Development of a PTFE membrane with photo-thermal activated carbon nanomaterials for improved solar-driven membrane distillation

Abstract

Tackling global water scarcity requires effective desalination with renewable energy. This paper explores direct solar membrane distillation (MD). This technology uses photothermal nanoparticles. These nanoparticles capture sunlight and convert it into heat. This creates a thermal driving force at the membrane surface. This approach improves MD's energy efficiency. It also addresses temperature polarization. Polytetrafluoroethylene (PTFE) membranes with a PP backing layer were used. These were coated with membranes containing photothermally activated carbon (AC).
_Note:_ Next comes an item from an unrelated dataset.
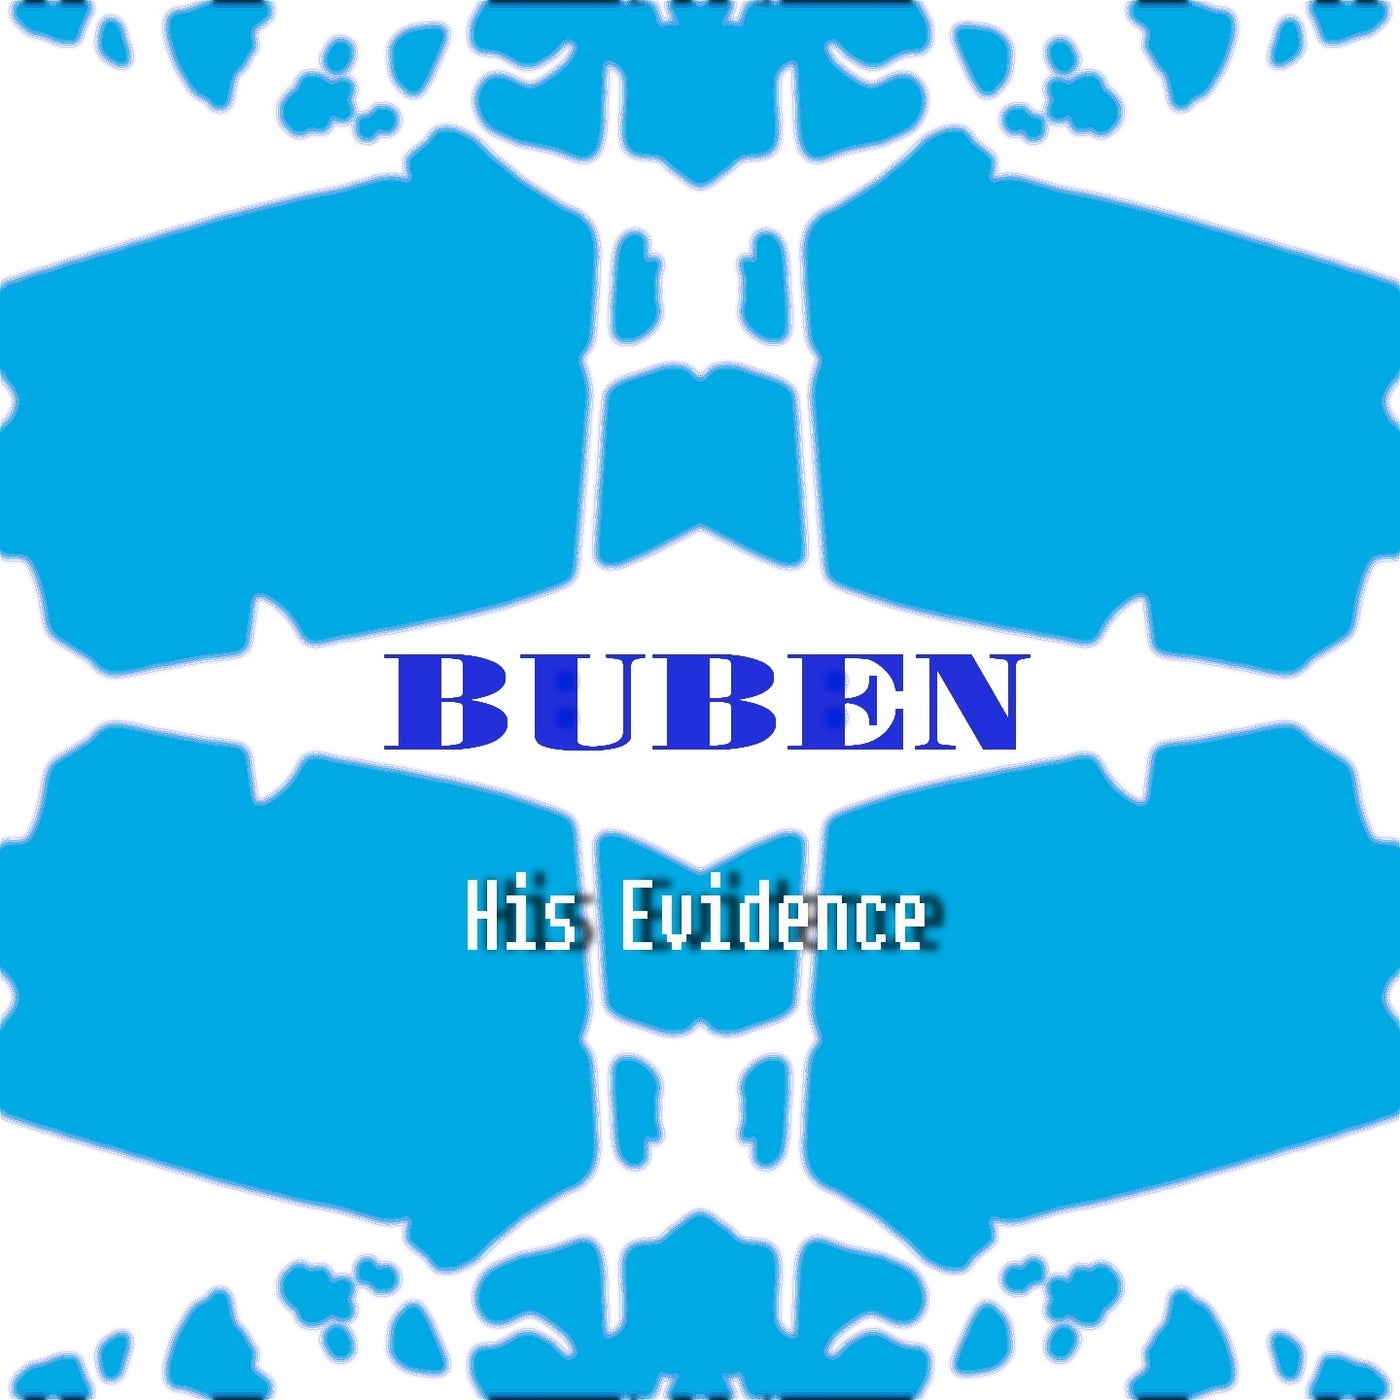 His Evidence

The AC was integrated into polyvinyl alcohol (PVA) and glutaraldehyde (GA). GA acted as a cross-linker. The goal was to maintain water flow after coating. The performance of the PTFE/PVA–AC/GA membranes was tested. A synthetic saline solution was used. Adding hydrophilic PVA–AC improved the membrane's scaling resistance compared to PTFE. Increased PVA loading decreased water flow. The optimized PVA–AC–GA (0.25 wt% + 1 wt% + 1 wt%) membrane exhibited a stable vapor flux of 0.51 kg m⁻² h⁻¹ °C⁻¹, which is comparable to the commercial PTFE membrane (0.58 kg m⁻² h⁻¹ °C⁻¹), while providing enhanced photothermal activity and anti-wetting stability under simulated solar illumination. The membrane showed promising performance. They suit solar desalination off-grid for fluids prone to scaling.